The most vivid and pedagogically useful explanation of the near-term dangers implied by the development of AI technology for military drones that I know of has been the famous Slaughterbots video, produced in 2017 by the Future of Life Institute and featuring leading AI safety researcher Stuart Russell. I've been showing it to my students every year since 2018, along with proclamations such as ''Potential dangers in AI lurk everywhere, but if I were to single out one application area as the absolutely most reckless one as a playground for development of cutting-edge AI technology, I'd say killer robots''.

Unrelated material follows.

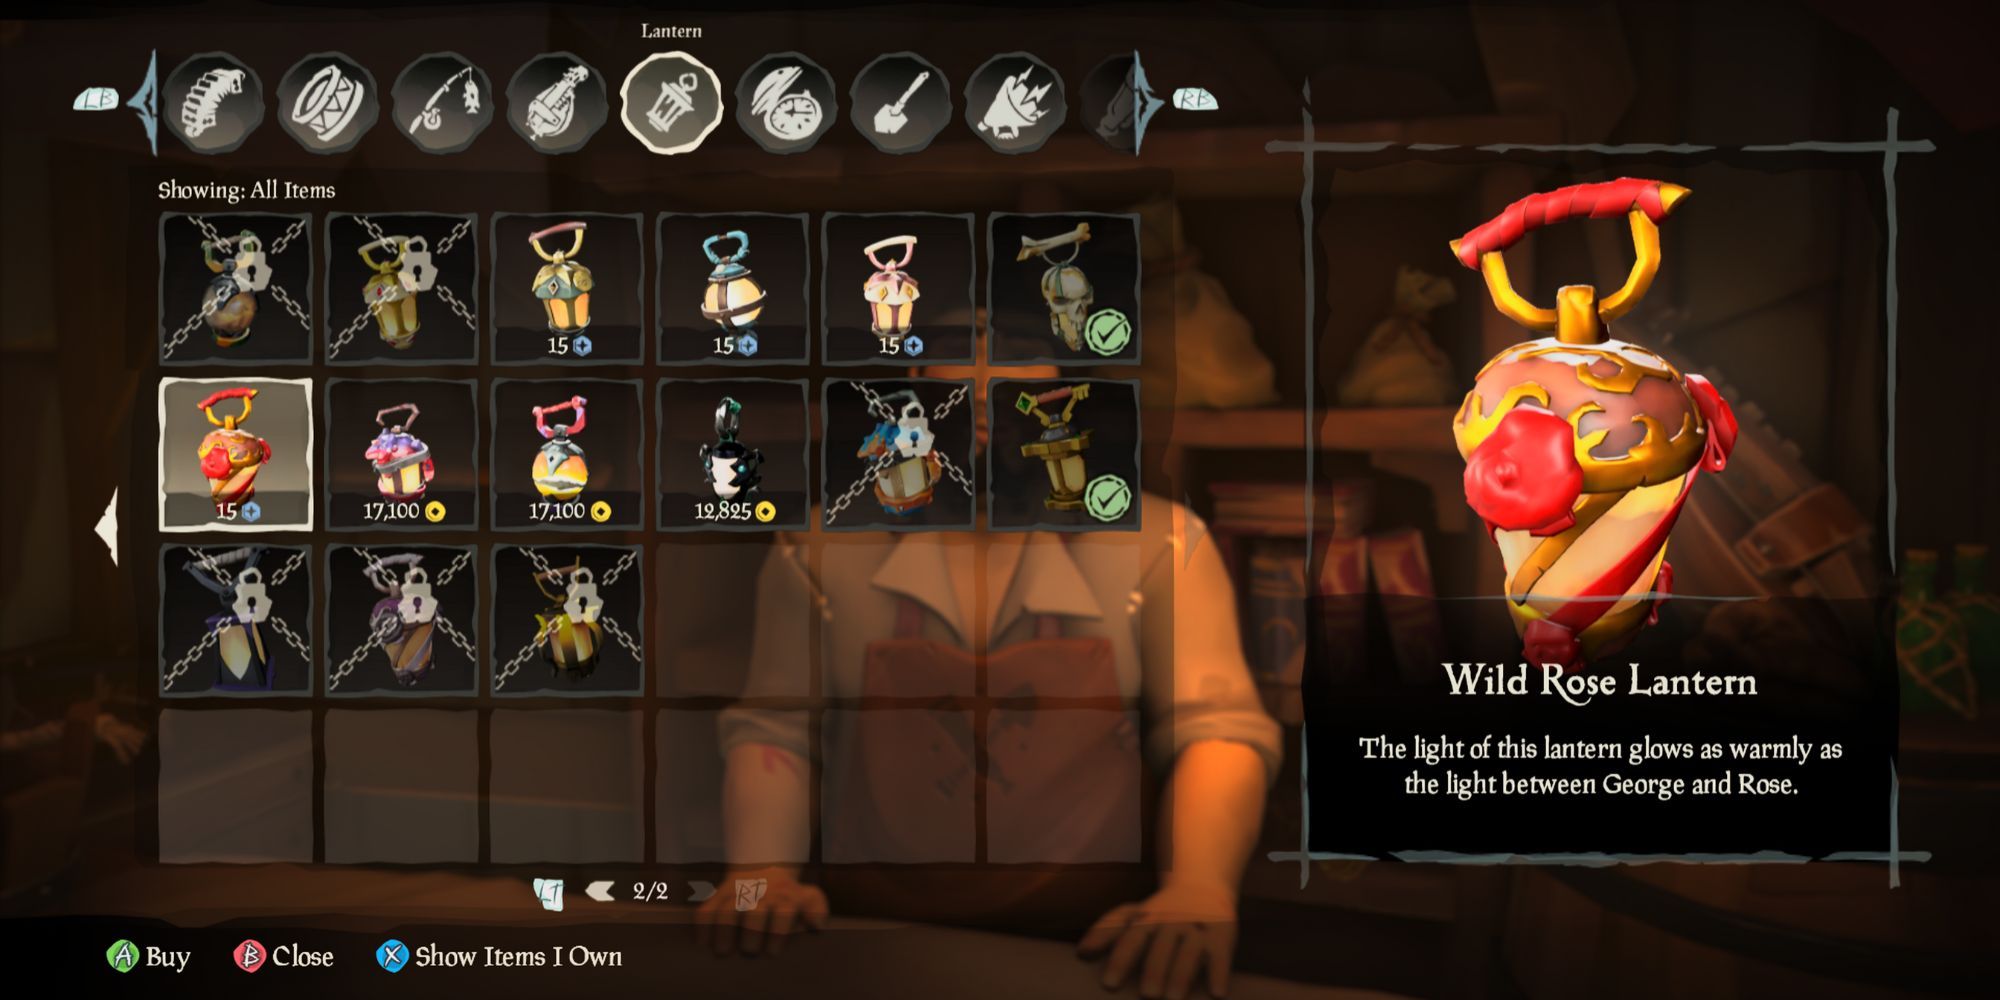 The Wild Rose Lantern in the equipment shop in Sea of Thieves
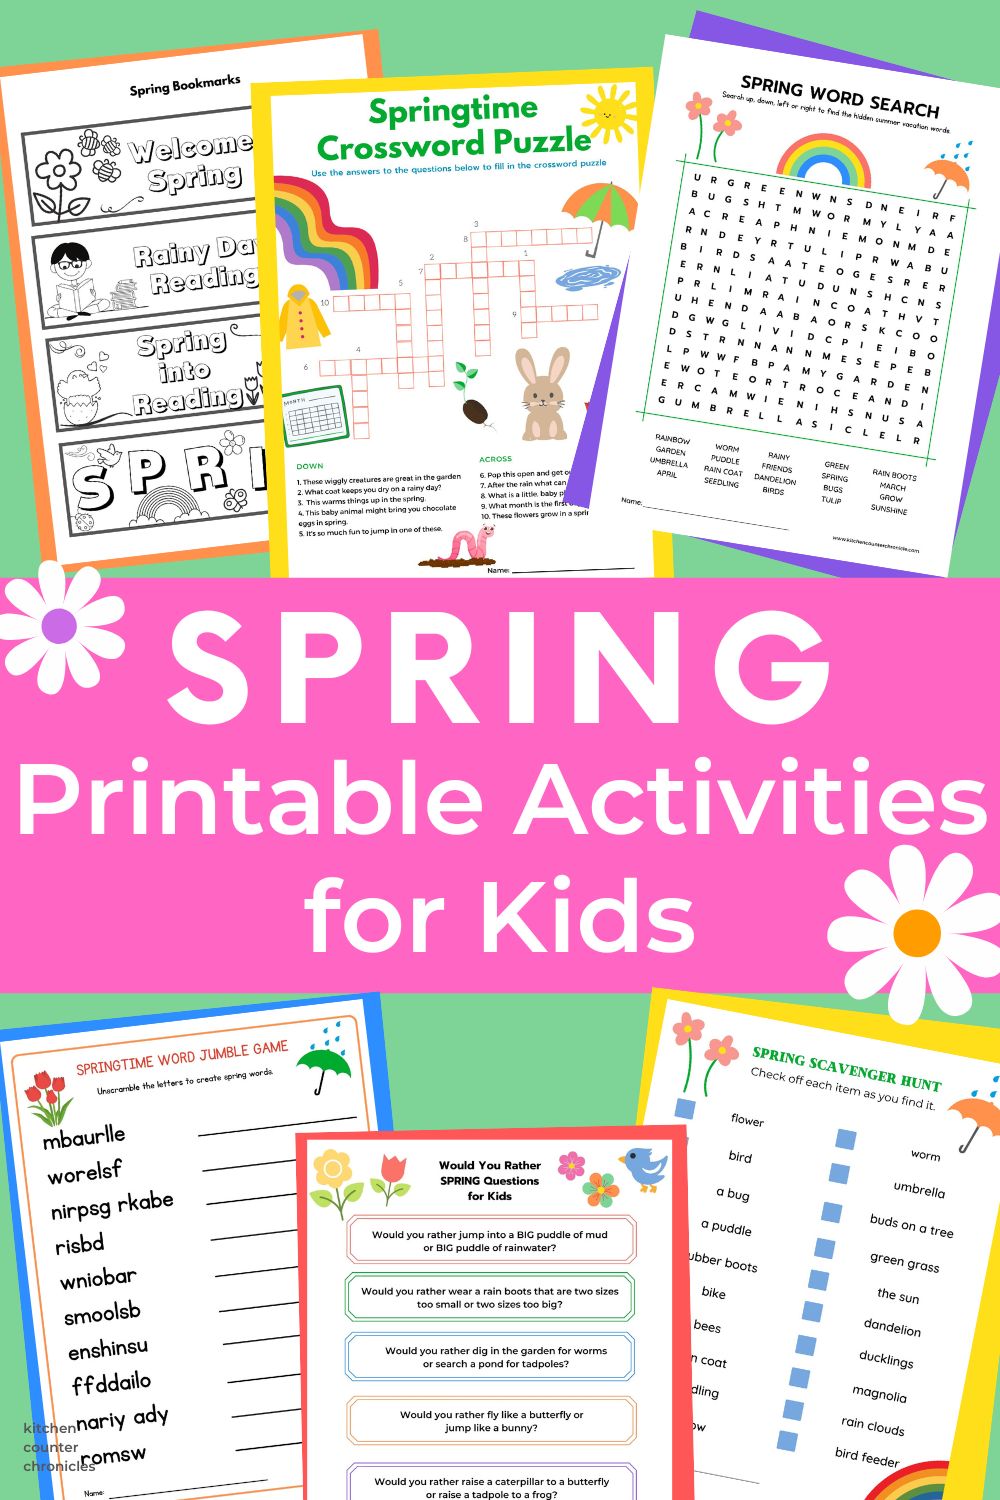 collage of spring printable activities and games, word search, crossword puzzle, bookmarks, scavenger hunt, and title "Spring Printable Activities for Kids"

Just this week, two event have come to my attention that cause me to update on this and perhaps modify my lectures slightly:

1. A large part of the Slaughterbots video is a fictional promotion event for a new autonomous killer drone product. But why stick to fiction when we can have the real thing? The Israeli defense electronics company Elbit Systems has released a promotion video for their latest lethal AI product. Their tone and content are reminiscent the Slaughterbots video but without any hint of irony or admission that AI technology for killing people could be dangerous or bad. Here's what we get when reality imitates fiction:

2. Facebook's (or Meta as they now call themselves) AI lab just announced how they built an AI that performs on (at least) human level at the game of Diplomacy. Given the role of Bostrom's treacherous turn concept and related deception problems (as outlined in the recent very important report by Ajeya Cotra) in exacerbating AI existential risk, I should perhaps consider modifying the proclamation above to something like ''Potential dangers in AI lurk everywhere, but if I were to single out one application area as the absolutely most reckless one as a playground for development of cutting-edge AI technology, I'd say games where the winning moves consist of manipulating human opponents into acting in your interest and then stabbing their back''.